Traditional Puerto Rico dish

Mofongo (/es/) is a dish from Puerto Rico
with plantains as its main ingredient. Plantains are picked green, cut into pieces and typically fried in more modern versions but can be boiled in broth or roasted, then mashed with salt, garlic, pork, broth, and cooking oil (olive oil, butter, and lard is typically used) in a wooden pilón (mortar and pestle). Cassava and sweet potato are boiled, then roasted or flash-fried; plantains can also be made in this method or roasted before flash-frying. The goal is to produce a tight ball of mashed plantains that will absorb the attending condiments and have either pork cracklings (chicharrón) or bits of bacon inside. It is traditionally served with fried meat and chicken broth soup. Particular flavors result from variations that include vegetables, chicken, shrimp, beef, or octopus packed inside or around the plantain orb.

==Origin and history==
Mofongo is a traditional Puerto Rican dish combining influences from the cultures of the Greater Antilles island, descending from Spain, West Africa, and Taíno, where Puerto Rico gets most of its culture and roots. These cultural influences also resulted in the creation of mofongo's distantly related but notably different West African dish fufu, but mofongo's unique flavor comes from a combination of West African flavors and the Taíno Indian culinary tradition of mashing root vegetables, mixed with Spanish culinary influences. Fufu, a sticky dough pulled and eaten by hand, is made from various starchy vegetables. Fufu was brought to the Caribbean by Africans in the Spanish New World colonies. Each country developed their own unique dish borne from their cultural origins and influences that were very different from the original native dish such as Trinidad and Tobago (pong plantain also known as tum-tum), Cuba (fufu de plátano and machuquillo), Dominican Republic (mangú), Haiti (tomtom) and Puerto Rico (mofongo and funche criollo); this also most likely includes Colombia (cayeye), Ecuador (bolón), Costa Rica (angú), Amazon region, and Peru (tacacho).

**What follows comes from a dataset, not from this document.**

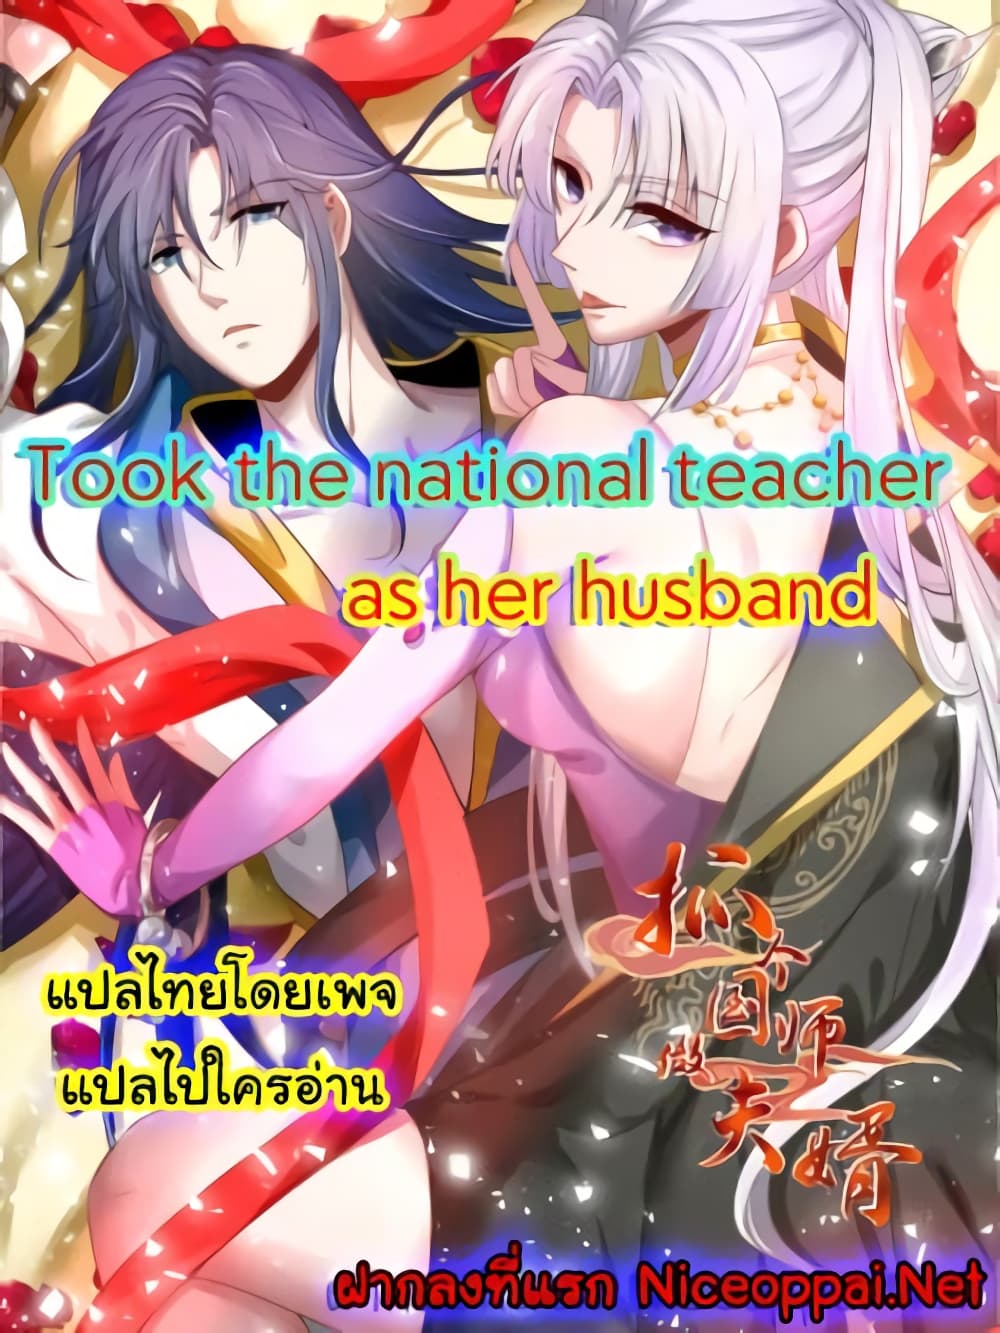 Took the National Teacher as Her Husband 19 (1)

The earliest known written recipes for mofongo appeared in Puerto Rico's first cookbook, El Cocinero Puerto-Riqueño o Formulario, in 1859. The title of the recipe is mofongo criollo. Green plantains are cleaned with lemon, boiled with veal and hen, then mashed with garlic, oregano, ají dulce, bacon or lard, and ham. It is then formed into a ball and eaten with the broth in which it was cooked.

The El Cocinero Puerto-Riqueño o Formulario has similar recipes. Funche criollo is made from green or yellow plantains boiled with taro or yams, mashed and eaten with sesame broth soup or a sauce made from garlic, lard, tomato sauce, onions, and ají dulce (sofrito). The similar funche criollo does not include pork, however, one of the key ingredients in traditional mofongo.

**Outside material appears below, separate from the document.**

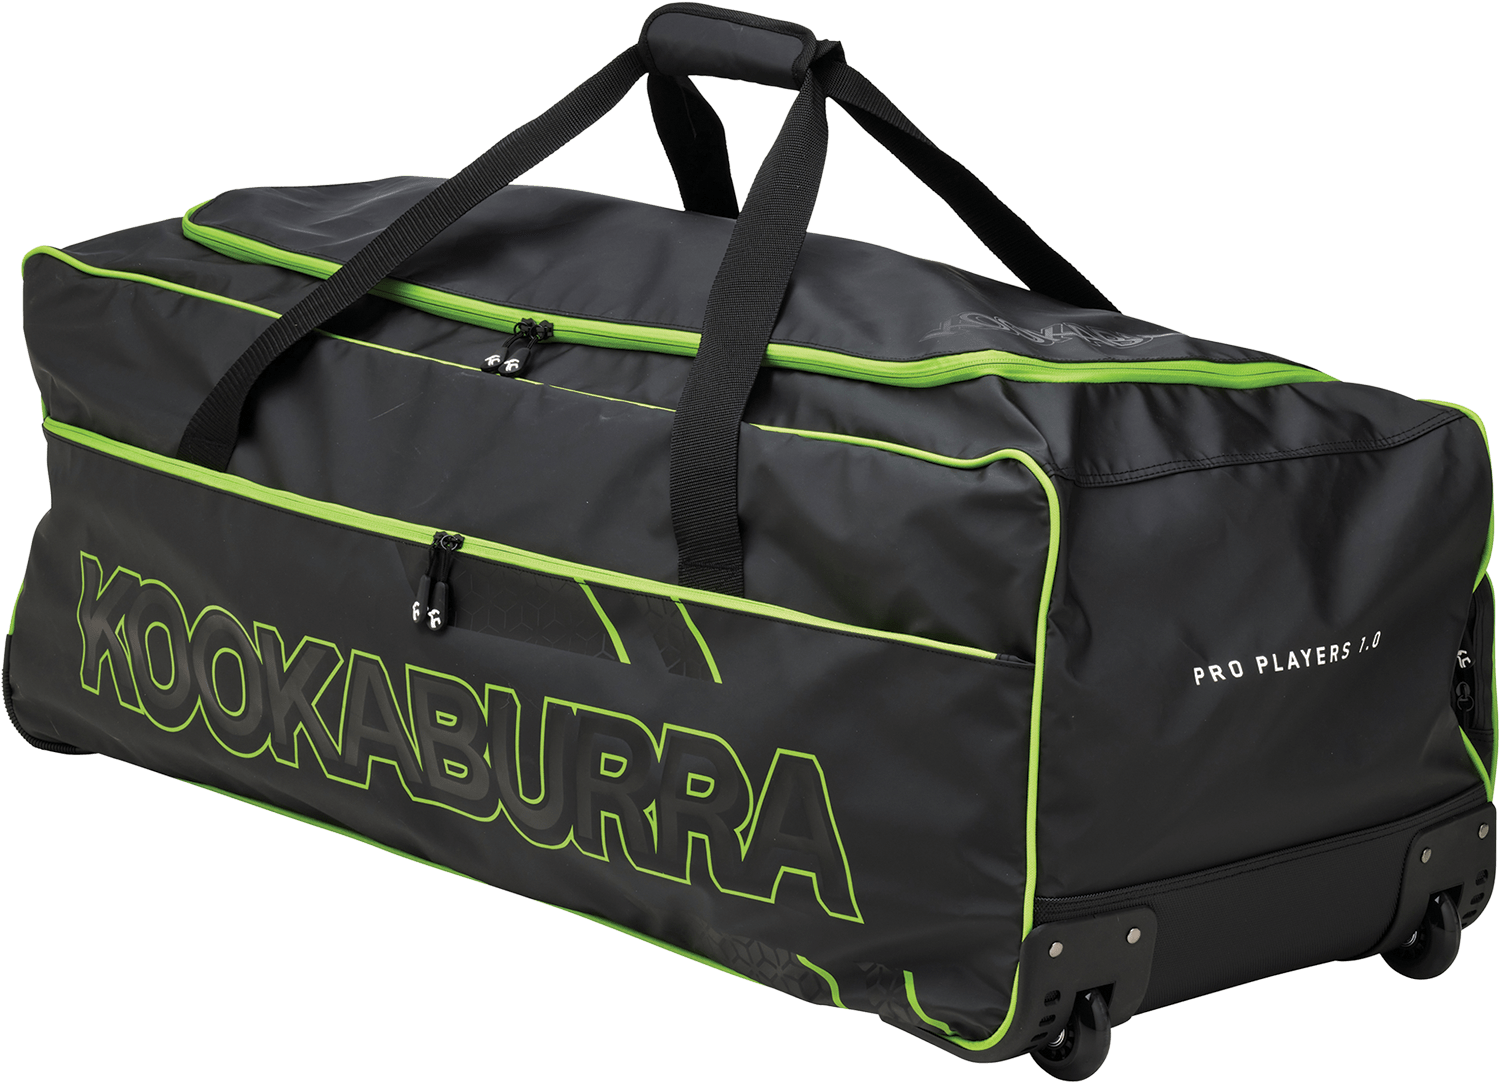 Kookaburra Cricket Bags Kookaburra Pro Players 1.0 Wheelie Cricket Kit Bag

Another well-known recipe was written by Elizabeth B.K. Dooley in her Puerto Rican cookbook (1948). The recipe calls for yellow plantains fried in lard, mashed with garlic, olive oil, and chicharrón, and then formed into a ball.

A 1980 booklet from the U.S. government promoting tourism in Puerto Rico wrote of mofongo as being "jocularly described as a Puerto Rican matzoh ball" and described mofongo as being a "mashed, roasted plantain, combine with bacon, spices and goes well with chicken soup".

The recipe has many variants throughout Puerto Rico, but most have maintained the key ingredients of traditional mofongo, such as pork, cooking oil, spices, broth, and starch, as well as the use of a pilón for mashing. The contemporary interpretation of classic mofongo involves frying the starch in lard or oil, and that method makes the dish distinctively Puerto Rican, giving it a crusty, dense, and umami flavor.

==Etymology==
Central African ethnic groups that populated Puerto Rico used the technique of a mallet to mash large amounts of starchy foods. The mash was then softened with liquids. The word "mofongo" stems from the Kikongo term mfwenge-mfwenge, which means "a great amount of anything at all".

==Culture==
Mofongo evolved from three cultural influences: Spanish, Taíno, and African within the Puerto Rican populace. Mofongo is different from fufu but uses the same African method with vegetables available in the Caribbean. Plantains are most often used, but other starchy roots native to the island used by Taínos can also be used. Puerto Ricans have an obsession with fried food known collectively as cuchifrito in New York City. Spanish ingredients such as pork, garlic, broth, and olive oil are commonly used together in Puerto Rican cuisine and are found in staple dishes such as arroz con gandules, alcapurria, pasteles, habichuelas, recaíto, and arroz junto, among others. Broth is often made with chicken and sofrito. Sofrito is made with Spanish and Taíno fruits, vegetables, and herbs.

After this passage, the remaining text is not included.